Find the measure of angle
Angle 𝑋𝐴𝐶 is this exterior
angle. It’s an angle that’s on the outside
of a polygon. Now, it has to be one of the
polygon’s sides extended and then the angle adjacent to it. And it looks like we have two other
exterior angles and we do. The bottom side is extended and we
have two exterior angles.
All exterior angles of a polygon
should add to 360 degrees. So the measure of angle 𝑋𝐴𝐶 plus
the measure of angle 𝑍𝐶𝐴, the measure of angle 𝐴𝐵𝑌 should equal 360
degrees. Now, we know two of these angle
measures. So plugging them in, we can
solve. So 121 plus 131 is equal to 152
degrees. So to solve for our angle the
measure of angle 𝑋𝐴𝐶, we need to subtract 152 degrees from both sides of the
equation, resulting in 108 degrees.
Now, there are other ways to solve
this. Let’s just try one of the ways. We could use the inside angles of
the triangle. And a triangle adds to 360 degrees,
the interior angles of it. So these three angles add to 180
degrees. But how do we get them?
Well, a straight line makes 180
degrees. So the angles next to each other
that make a straight line are called supplementary angles. They’re adjacent, meaning next to
each other. And they make a full straight
line. So if they should add to 180
degrees, we can subtract 121 from 180. And we can find the measure of
angle 𝐴𝐶𝐵. And after substracting, we find
that it is equal to 59 degrees.
And now, we can repeat the process
to find the measure of angle 𝐴𝐵𝐶 because these angles are also supplementary.

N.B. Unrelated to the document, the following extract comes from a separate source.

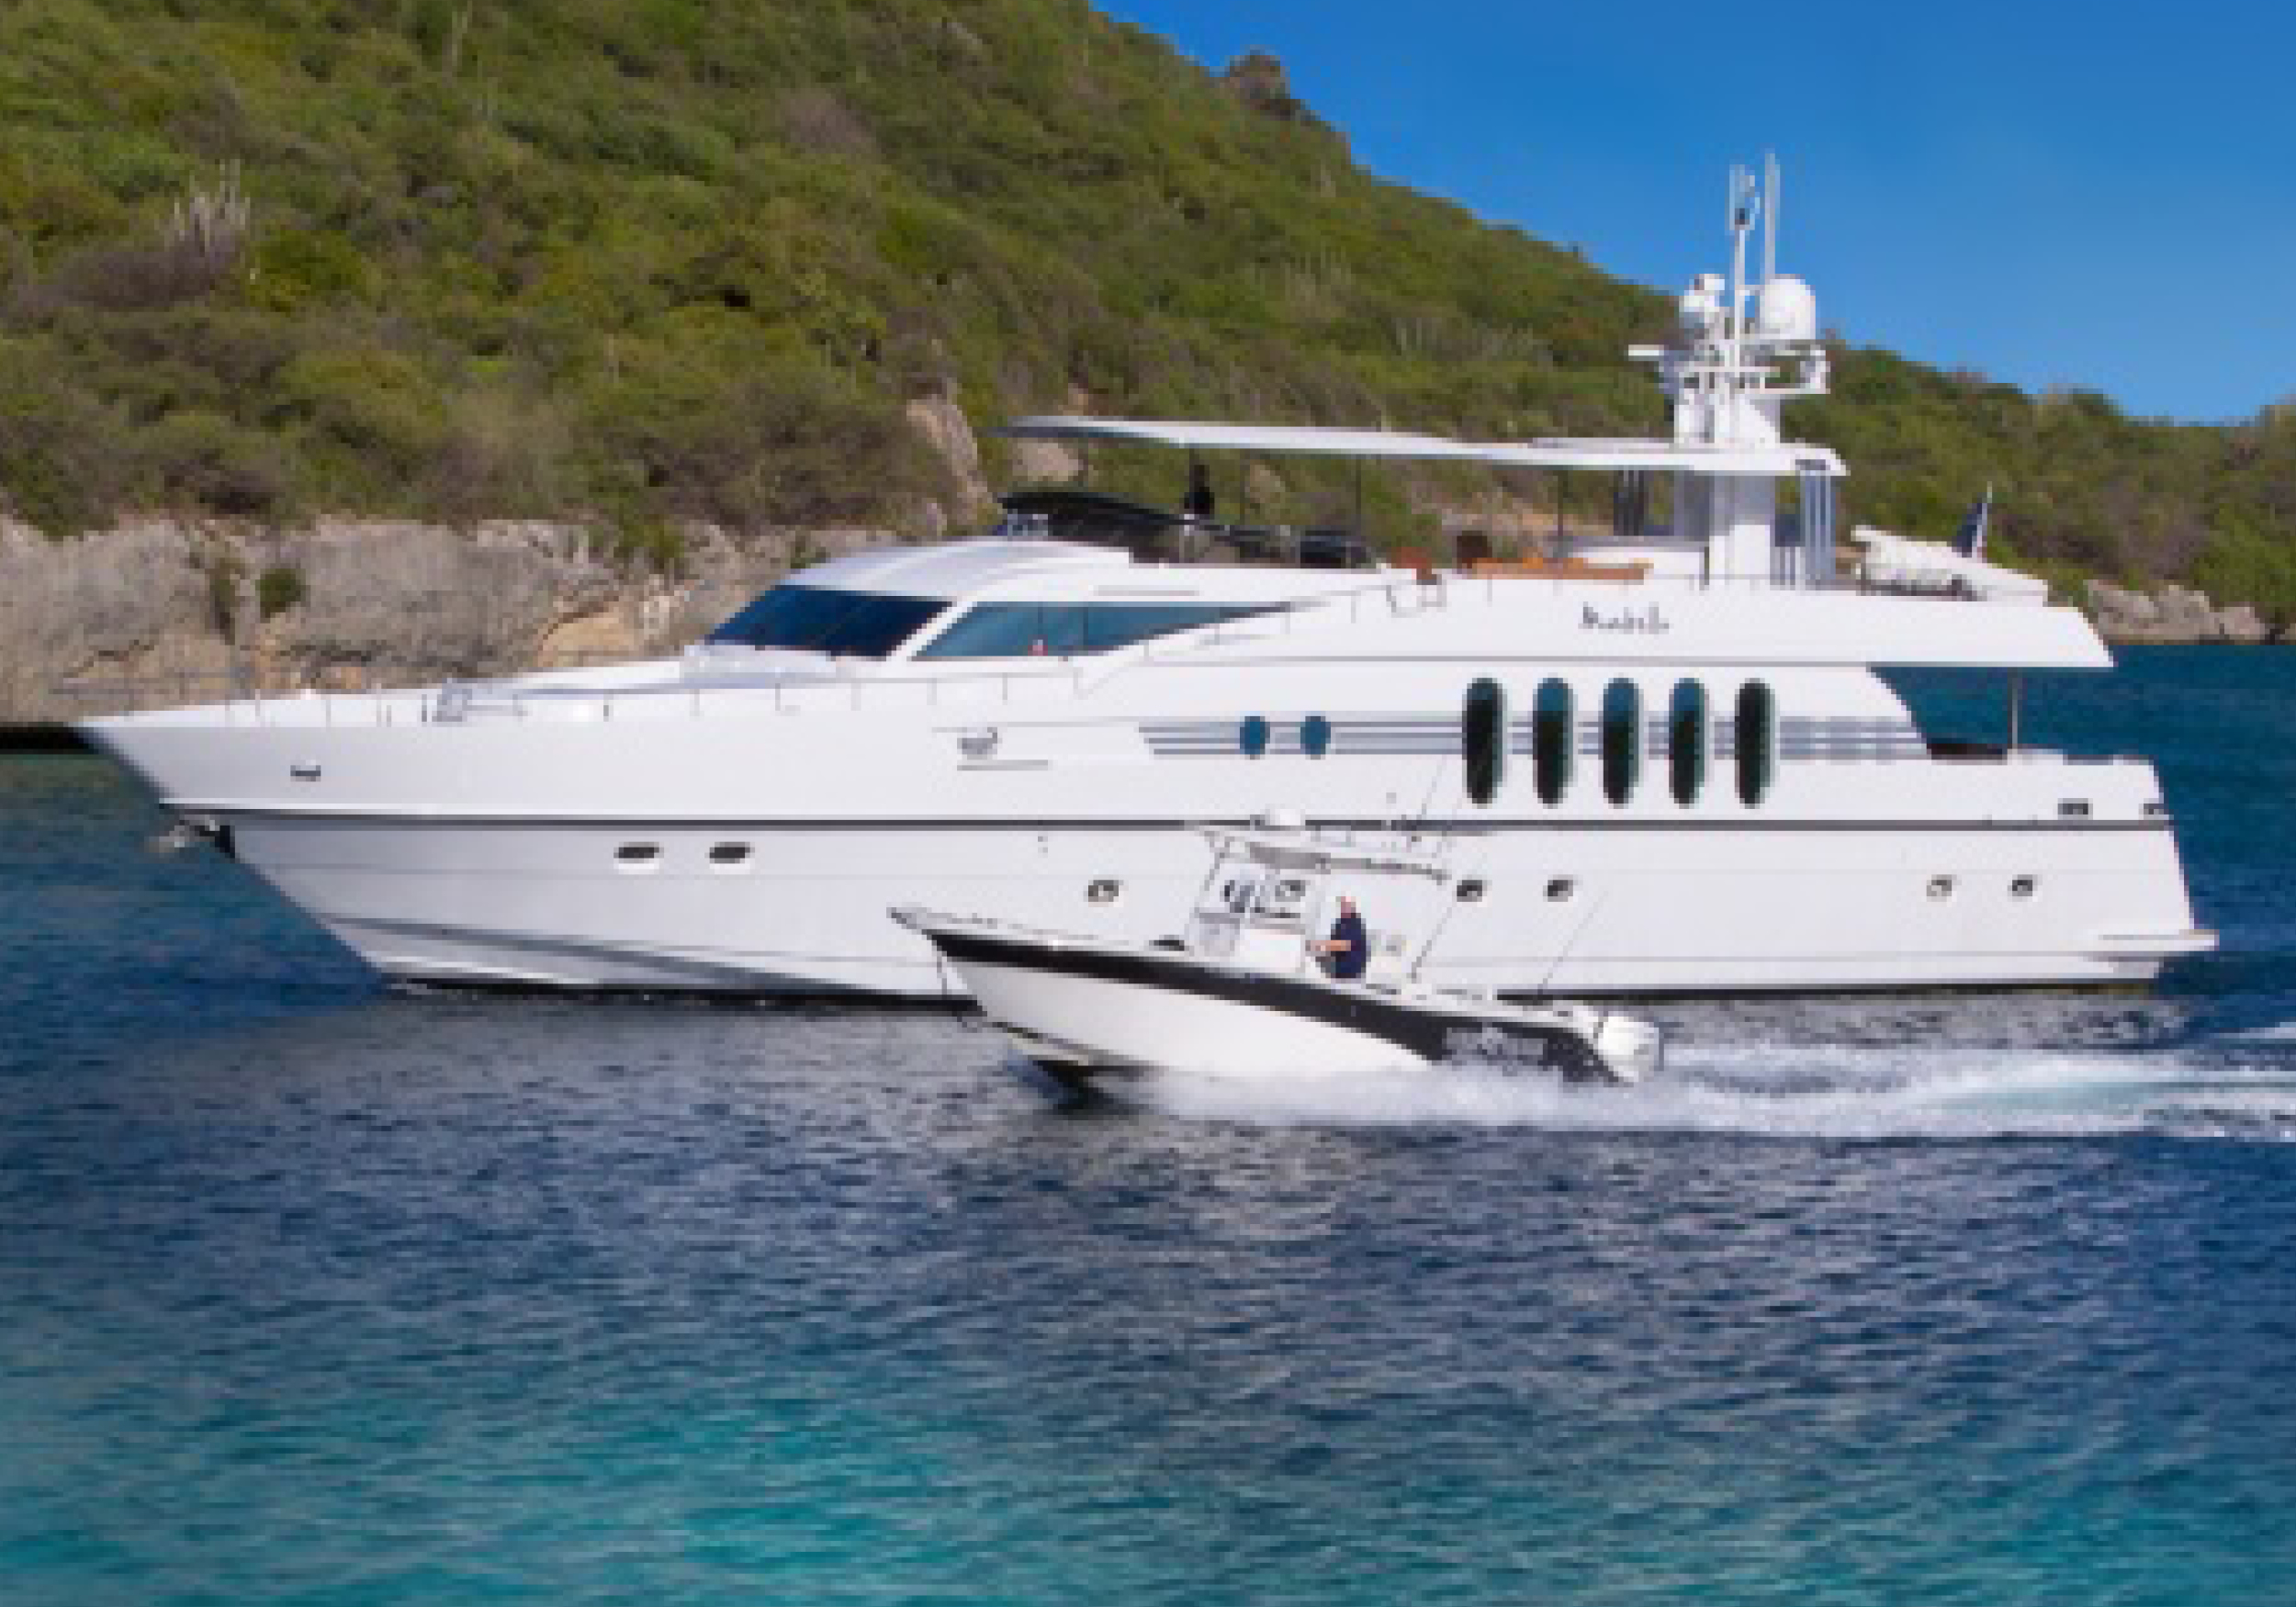 Karen-Lynn-Interior-Design-Yacht-Marbella-1.jpg

So we take 180 and subtract
131. And we find that this angle — the
measure of angle 𝐴𝐵𝐶 — is equal to 49 degrees.
So now, we have two of the three
interior angles. So we need to add them together and
then subtract it from 180 because all of the angles on the inside of the triangle
add to 180 degrees.
So the measure of angle 𝐴𝐶𝐵 is
equal to 59 degrees. The measure of angle 𝐴𝐵𝐶 is
equal to 49 degrees. And now, we add them together and
their sum is 108 degrees. Now, we subtract it from 180, both
sides of the equation. And we find the measure of angle
𝐶𝐴𝐵 is equal to 72 degrees.
Now, this is useful because that
angle and the angle that we want — the measure of angle 𝑋𝐴𝐶 — they should add to
180 because they’re supplementary. So 180 degrees minus 72 degrees
gives us 108 degrees, just like we found before. So that’s a second way.
Now, notice the 108 degree shows up
here in the equation is the sum of the measures of angles 𝐴𝐶𝐵 and 𝐴𝐵𝐶. And the reason why is because the
two interior angles that are not next to the exterior angle should add to be the
exterior angles. So 59 plus 49 is equal to 108.
So whichever way we choose, we find
that the measure of angle 𝑋𝐴𝐶 is equal to 108 degrees.